A solid toy is in the form of a hemisphere surmounted by a right circular cone. Th height of cone is $ 4 \mathrm{~cm} $ and the diameter of the base is $ 8 \mathrm{~cm} $. Determine the volume the toy. If a cube circumscribes the toy, then find the difference of the volume cube and the toy. Also, find the total surface area of the toy.
Given:
A solid toy is in the form of a hemisphere surmounted by a right circular cone. Th height of cone is \( 4 \mathrm{~cm} \) and the diameter of the base is \( 8 \mathrm{~cm} \).
A cube circumscribes the toy.
To do:
We have to find the volume the toy, the difference of the volumes of cube and the toy and the total surface area of the toy.
Solution:
Let $r$ be the radius of the hemisphere and the cone and $h$ be the height of the cone.

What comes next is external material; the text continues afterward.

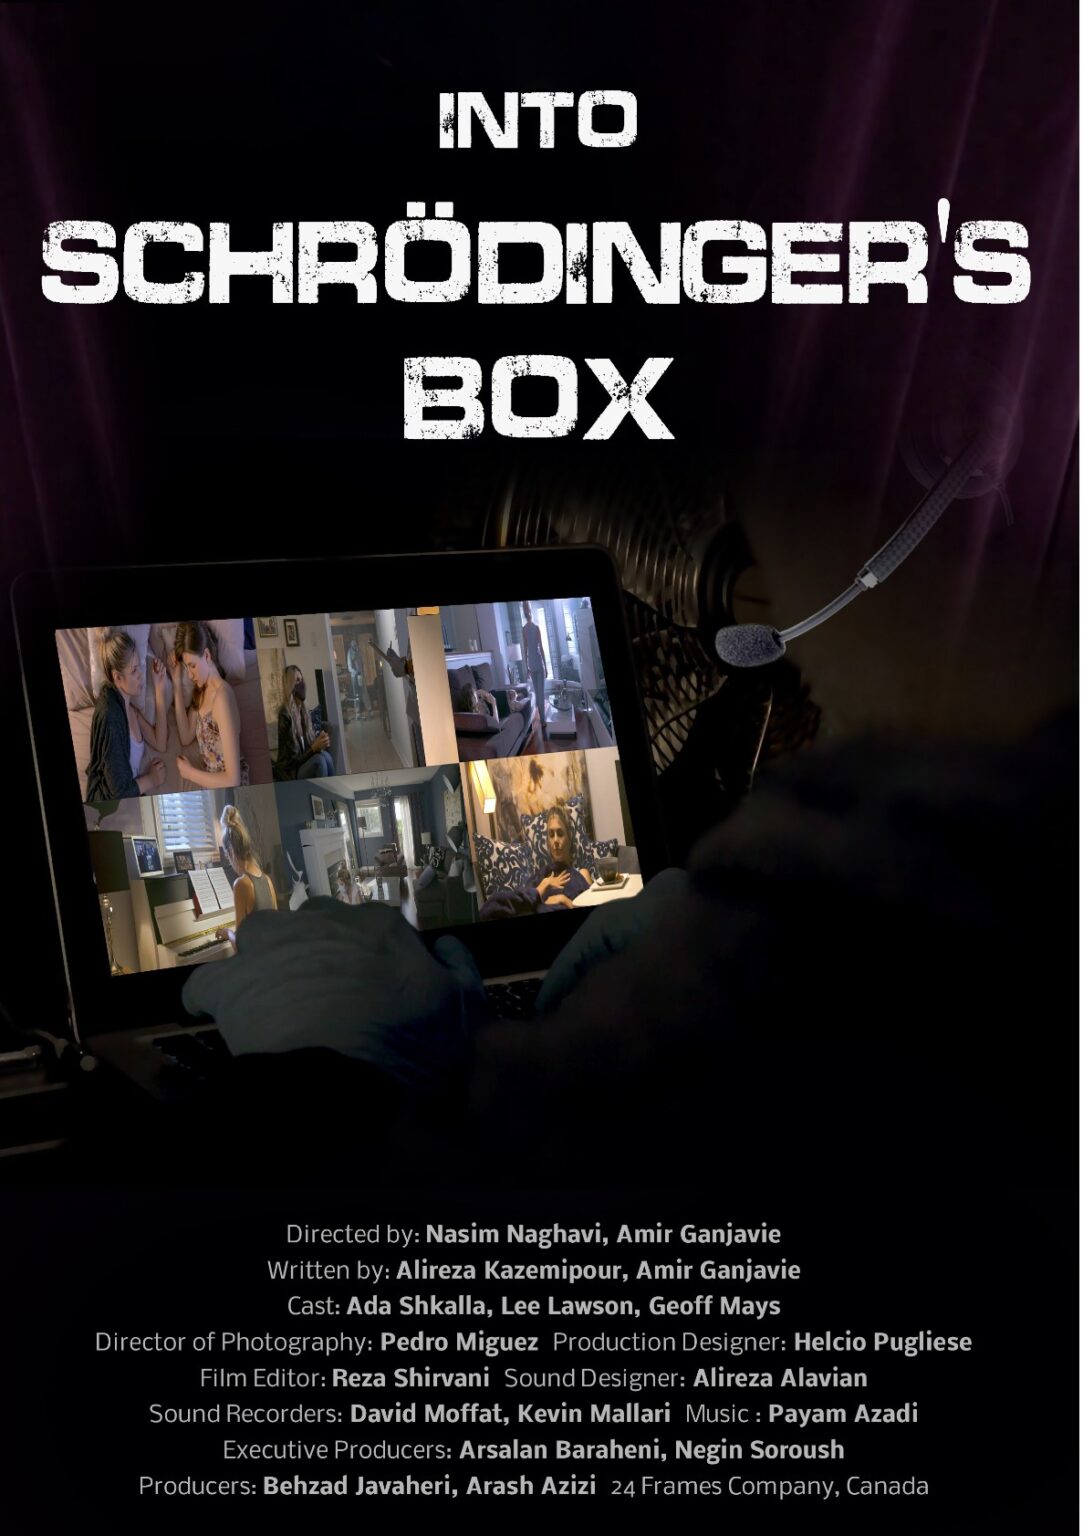 Alireza Kazemipour wrote the script for the new thriller 'Into Schrödinger’s Box'. Learn more about the film and Kazemipour's career here.
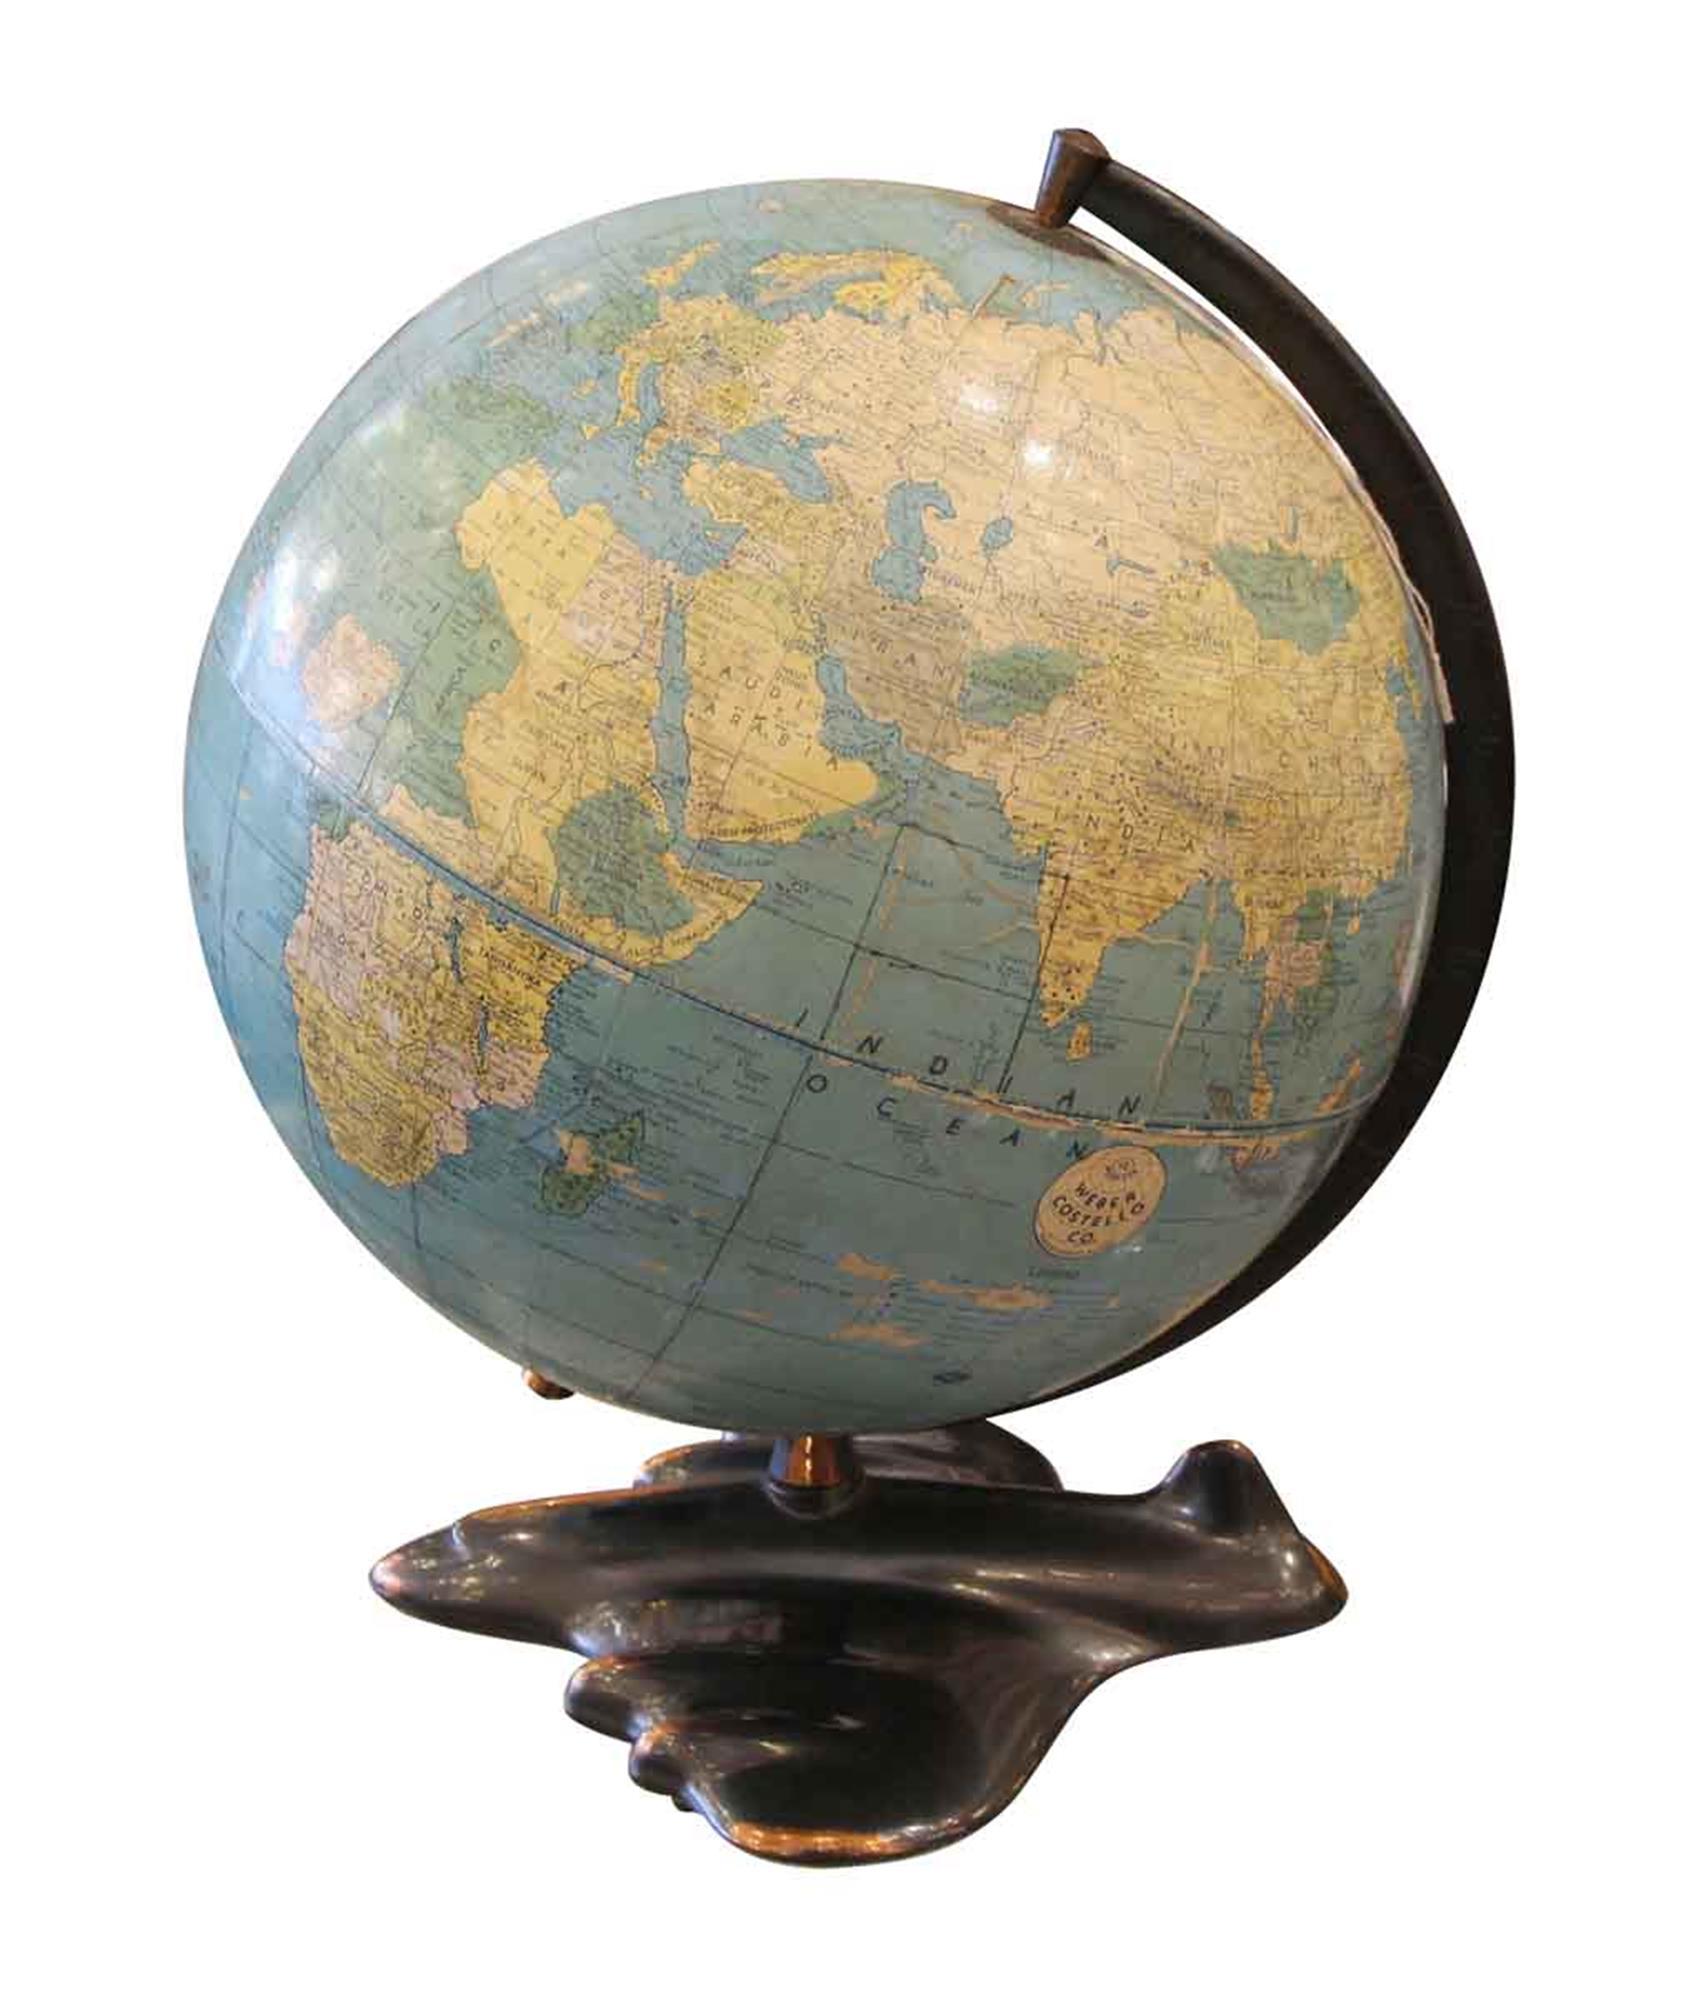 Early 1940s world globe with an airplane shaped Art Deco base with a copper wash. The globe has some worn areas. Made by Weber Costello Co. This can be seen at our 302 Bowery location in Manhattan.

Volume of the toy $=$ Volume of the hemisphere $+$ Volume of the cone
$=\frac{2}{3} \pi r^{3}+\frac{1}{3} \pi r^{2} h$
$=(\frac{2}{3} \times \frac{22}{7} \times 4^{3}+\frac{1}{3} \times \frac{22}{7} \times 4^{2} \times 4)$
$=\frac{1408}{7} \mathrm{cm}^{3}$
The edge of the cube $=8\ cm$
Volume of the cube $= 8^3\ cm3$
$= 512\ cm^3$
Difference in the volume of the cube and the toy $=(512-\frac{1408}{7}) \mathrm{cm}^{3}$
$=310.86 \mathrm{~cm}^{3}$
Total surface area of the toy $=$ Curved surface area of the cone $+$ Curved surface area of the hemisphere
$=\pi r l+2 \pi r^{2}$
$=\pi r(l+2 r)$
$=\frac{22}{7} \times 4 \sqrt{4^{2}+4^{2}}+2 \times 4$ [Since $l=\sqrt{r^2+h^2}$]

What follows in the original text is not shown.